Жить не хотелось года три. А однажды проснулся и увидел в окне клен с красными листьями. Заплакал и решил жить. Ради памяти Машеньки и сына.
Через пару лет встретил Аллу. Рассудительную и спокойную. Понял, что лучше жены не найти. Поженились, родилась Марьяна. Гордость и краса. Тоже прошли через огонь и воду – коммуналки, съемные квартиры, раздолбанные «Жигули» и одну курицу на три дня – первое и второе.
Рассказывал он все это с видимым удовольствием. Вообще, я заметила, что состоятельные люди очень любят рассказывать о своем голодном прошлом. Ну, очень им это в кайф! Хотя понятно, всего достигли, через многое прошли. Выстояли, выдюжили. Гордятся собой.
Только способы обогащения, как правило, плохо пахнут. Не все, конечно… Про способы своего обогащения олигарх промолчал. Упустил такой незначительный вопрос из рассказа.
Молчаливая Алла оказалась себе верна – за весь длительный мужнин монолог не произнесла ни слова. Будто ее это и вовсе не касается. Может, за это ее и держат? За покорность и послушание?
Сыночек с Марьяной шушукались на диване.
Наступила пауза. Мы с мужем переглянулись. Олигарх перехватил наши взгляды и сказал, что лирики и воспоминаний довольно, пора обсудить насущное.
«Насущным» оказалась будущая свадьба. Все было решено до нас. Нам оставалось только, собственно, выслушать. Нашего мнения никто не спрашивал и никого оно, в принципе, не интересовало. Что ж, верно. Кто девушку «ужинает», тот ее и «танцует». Спасибо, что хоть заранее посвятили. А могли бы просто за две недели до свадьбы прислать приглашение. Или не прислать.
Нам приносят коньяк и кофе и подают альбомы. В альбомах фотографии замка в Луаре. Где, собственно, и будет проходить свадьба принцессы и нашего свинопаса. Потом Алла показывает эскизы Марьяниного платья, заказанного в Лондоне. Токсидо – подобие фрака с широким поясом – для нашего сыночка.

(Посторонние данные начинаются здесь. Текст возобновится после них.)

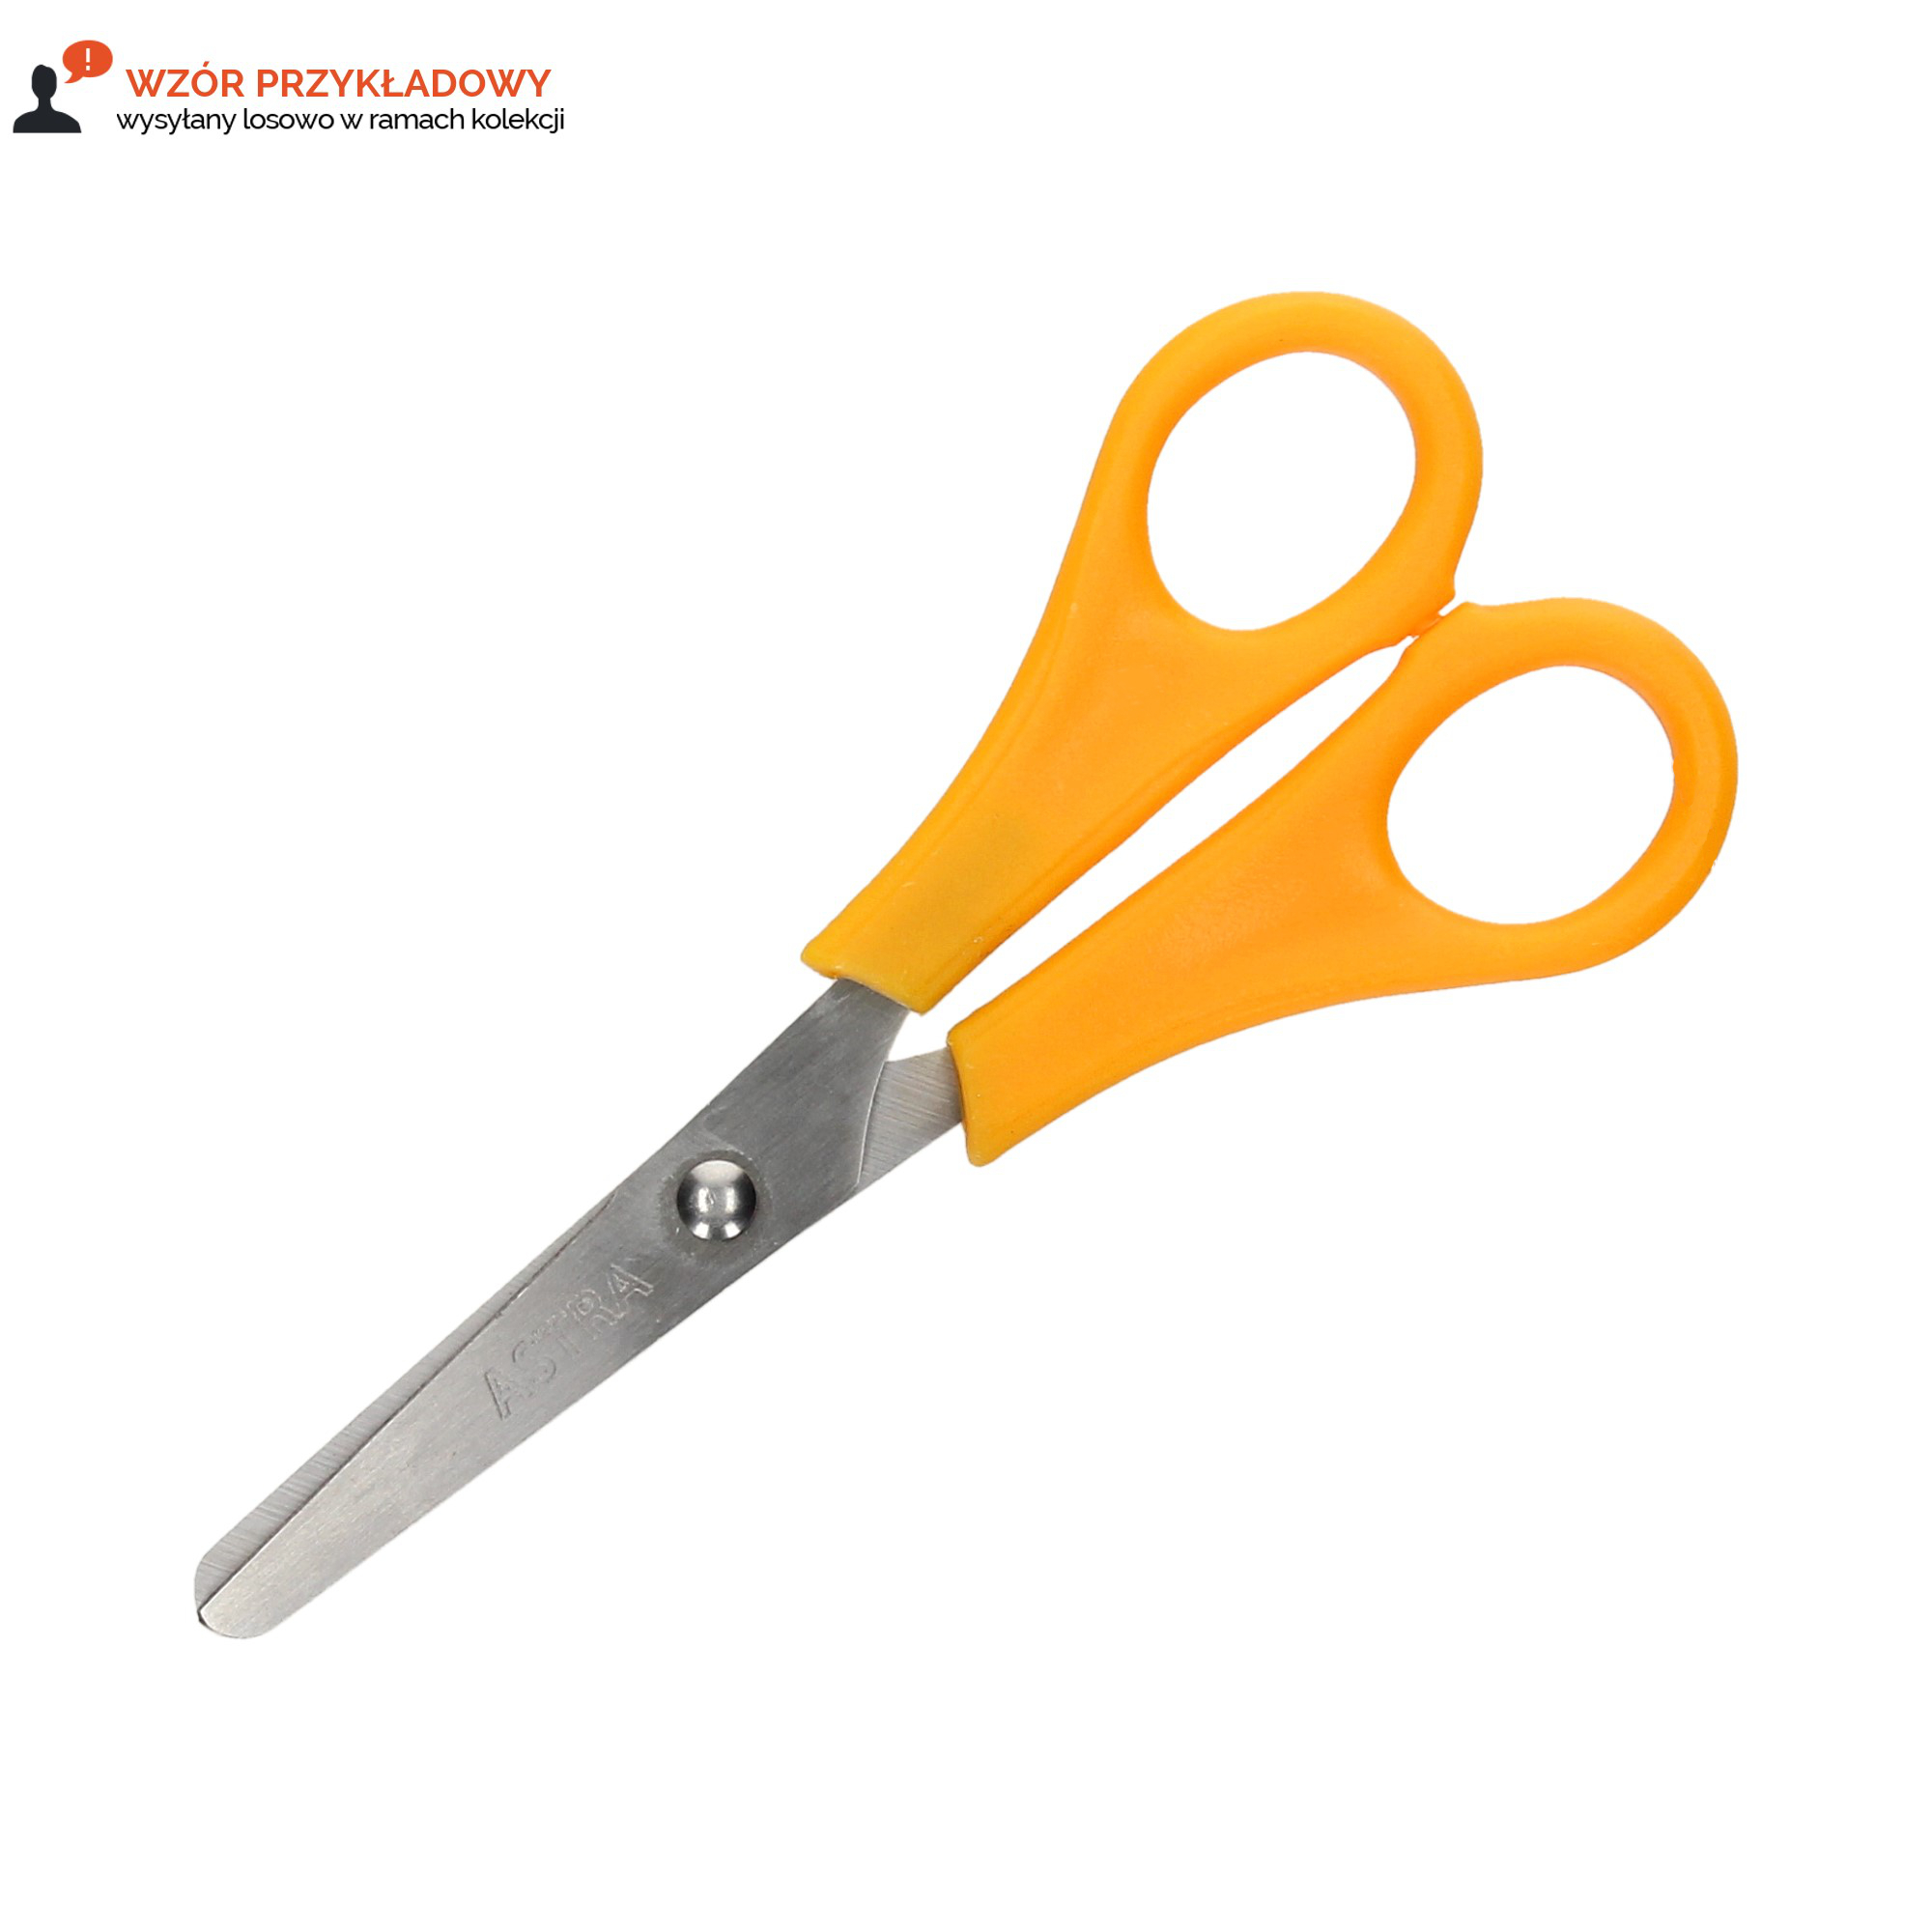 Nożyczki szkolne dla praworęcznych Astra

Олигарх оглашает программу праздника, зачитывает цитаты из меню. Замечаю, что там много неизвестных мне слов.
Потом осторожно интересуется, сколько будет гостей с нашей стороны. Я теряюсь и обещаю подумать. Он объясняет нам, дуракам, что надо заказывать номера в гостинице для гостей и места в самолете. Частном, арендованном.
Мы переглядываемся с мужем и говорим, что сводку передадим через пару дней.
Потом встаем, благодарим за «прекрасный вечер и чудесный ужин» и собираемся домой.
Алла слегка оживляется и интимно шепчет мне в ухо, что поможет мне с нарядом на свадьбу. В смысле, отправит к своему дизайнеру. Видимо, считает, что на меня полагаться не стоит. Да и рисковать тоже. Нас провожают на улицу. Марьяна мне нежно улыбается и касается губами моей щеки. Данька меня обнимает и нежно целует. Олигарх смотрит на него одобрительно-снисходительно, похлопывает его по плечу, говорит, что он – неплохой парень, и обещает «сделать из него человека».
Правильно. Все правильно. У меня это не получилось. Пусть теперь попробует олигарх.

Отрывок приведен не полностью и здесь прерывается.